Without pictures, return the lines from the one containing "Energielabel Molenwerfhof 26 Utrecht" through the last line of the data below, exactly.

• Data block:
*****

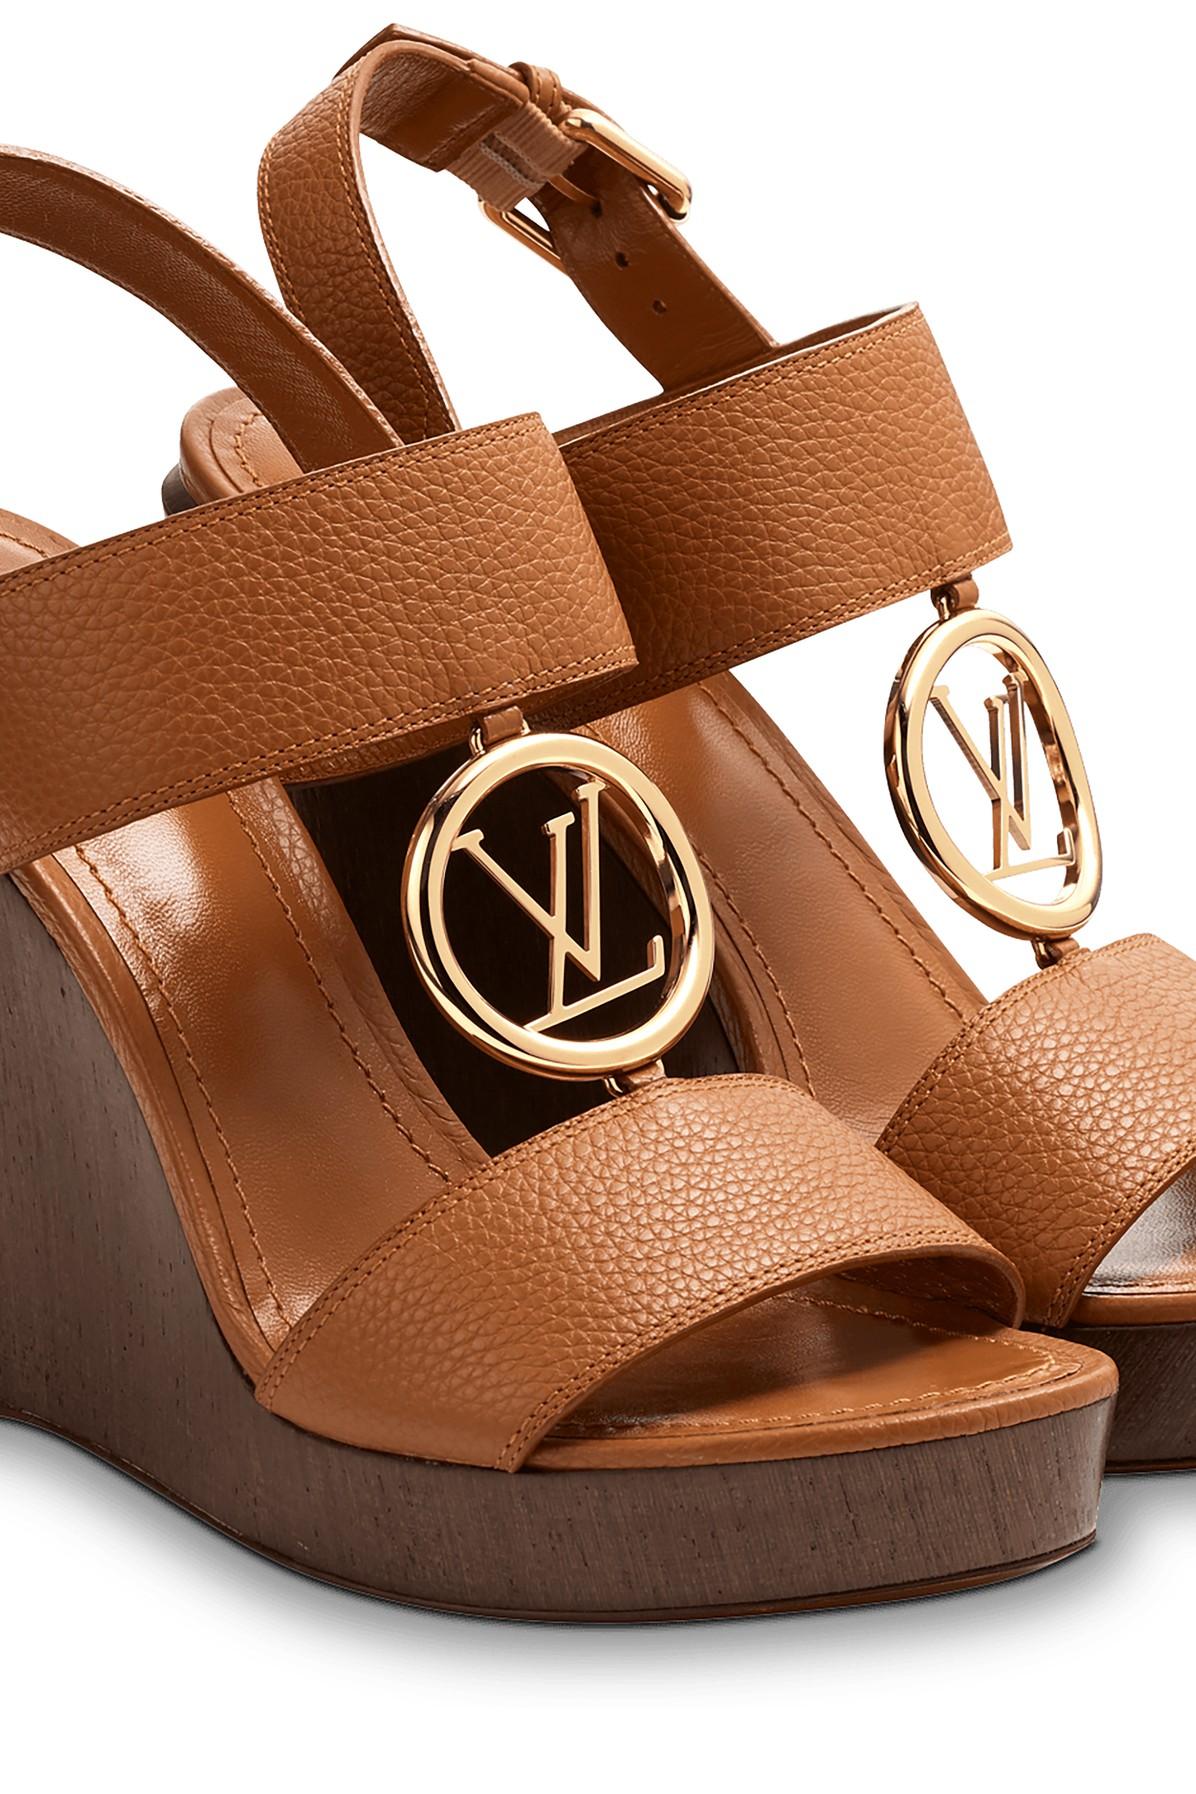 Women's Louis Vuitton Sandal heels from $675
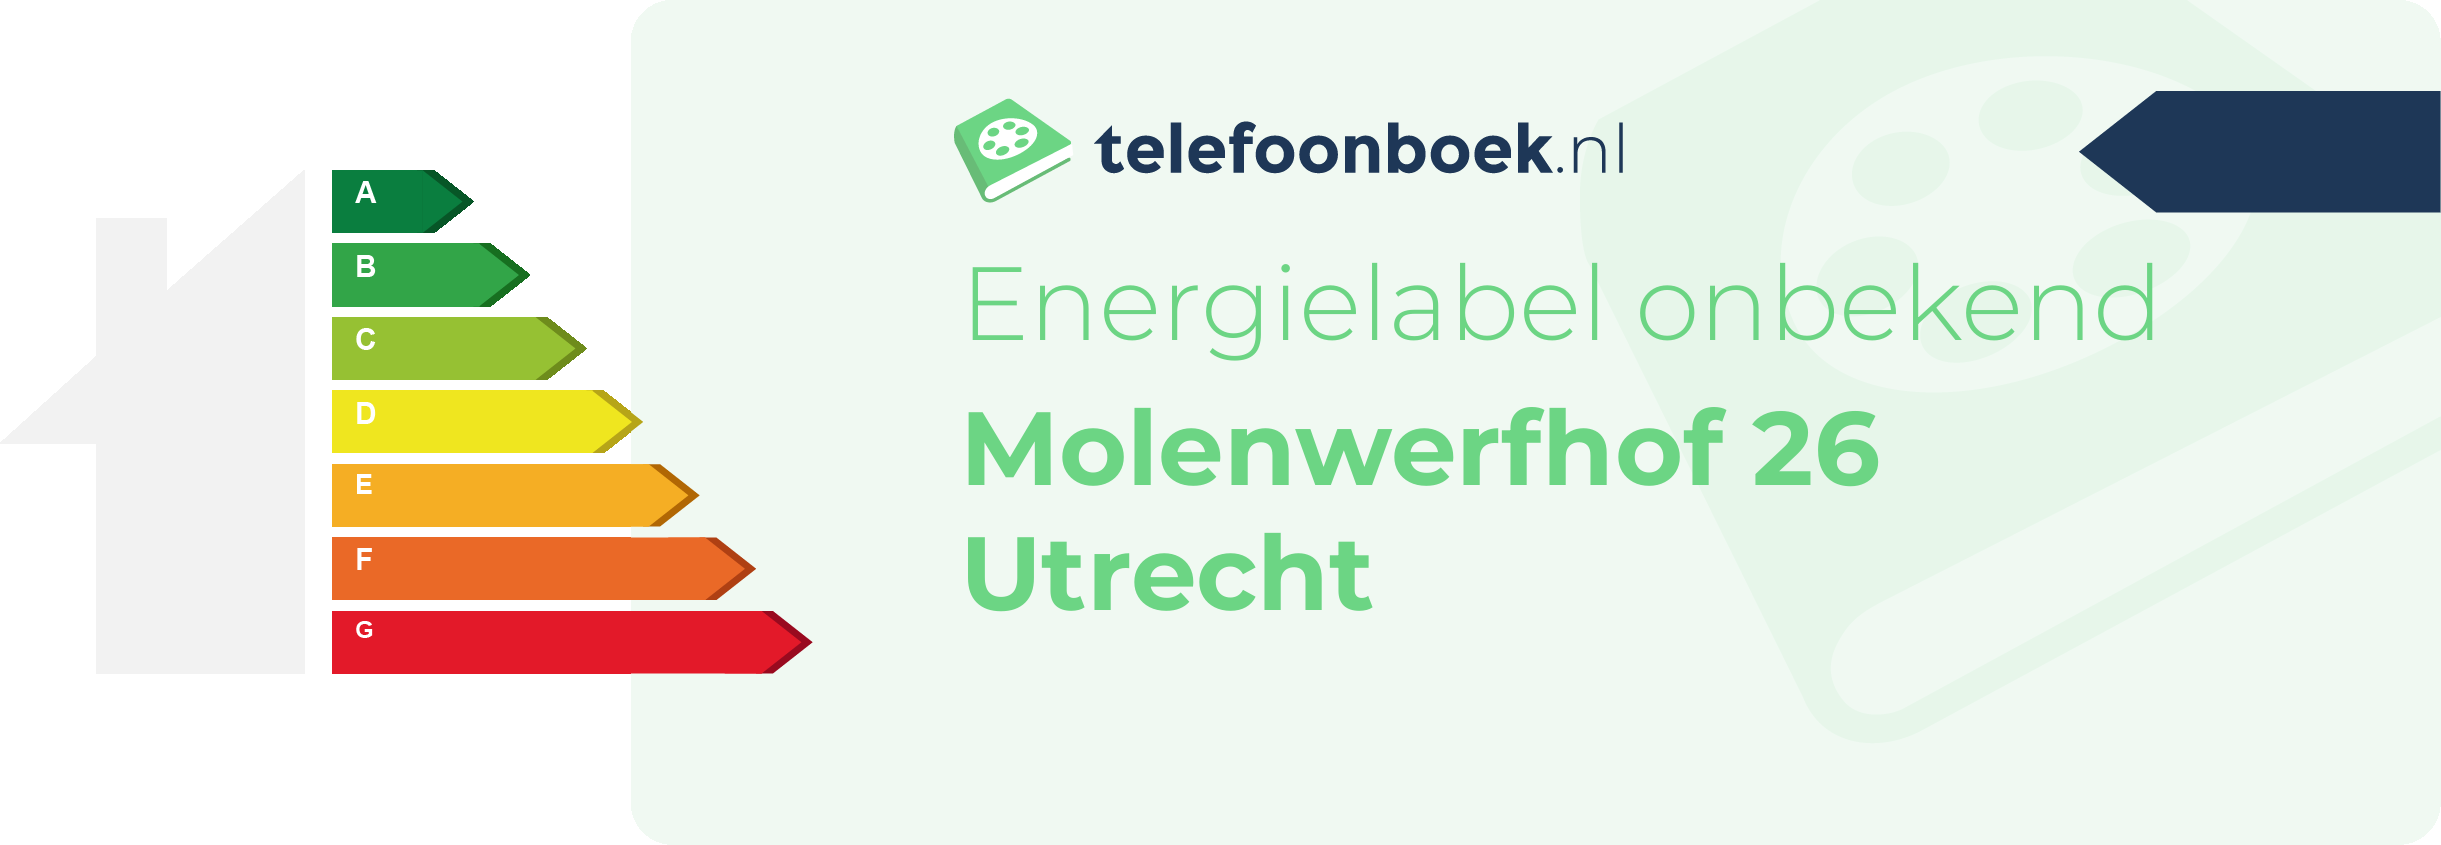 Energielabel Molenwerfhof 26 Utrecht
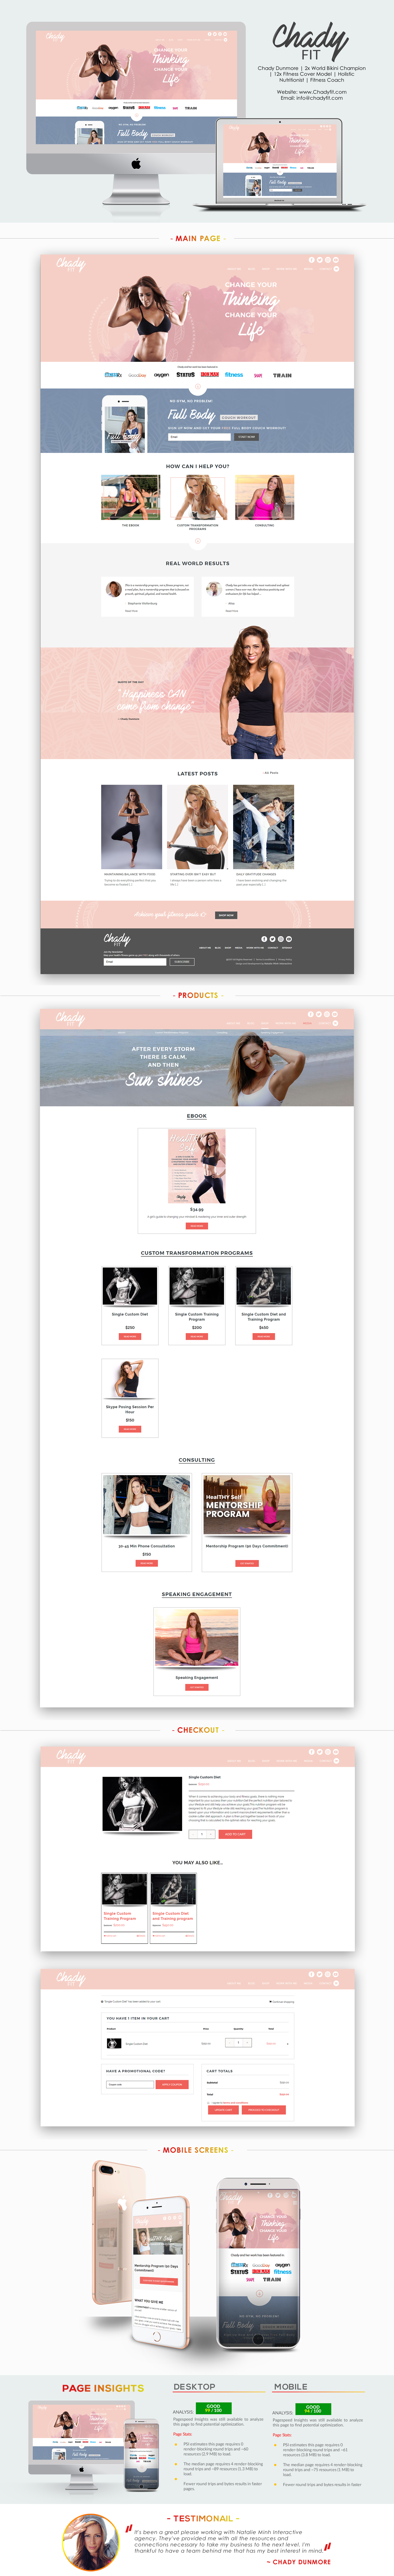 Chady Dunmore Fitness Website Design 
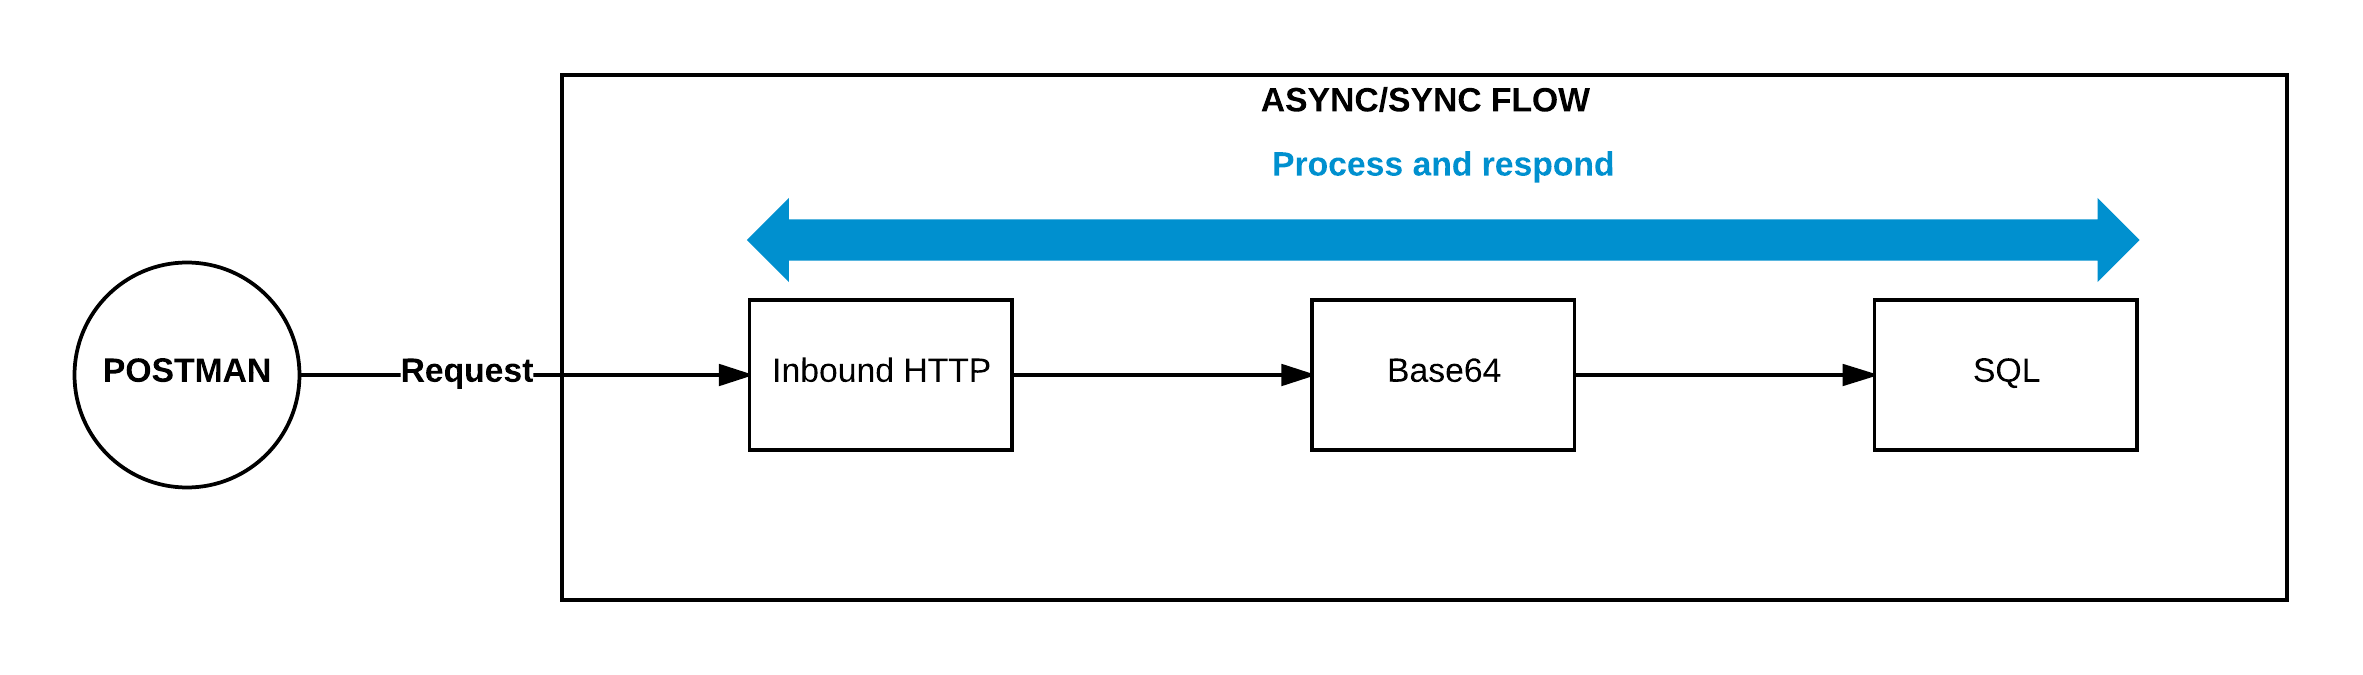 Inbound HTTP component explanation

*****

• Final answer:
 Energielabel Molenwerfhof 26 Utrecht
 Chady Dunmore Fitness Website Design 
 Inbound HTTP component explanation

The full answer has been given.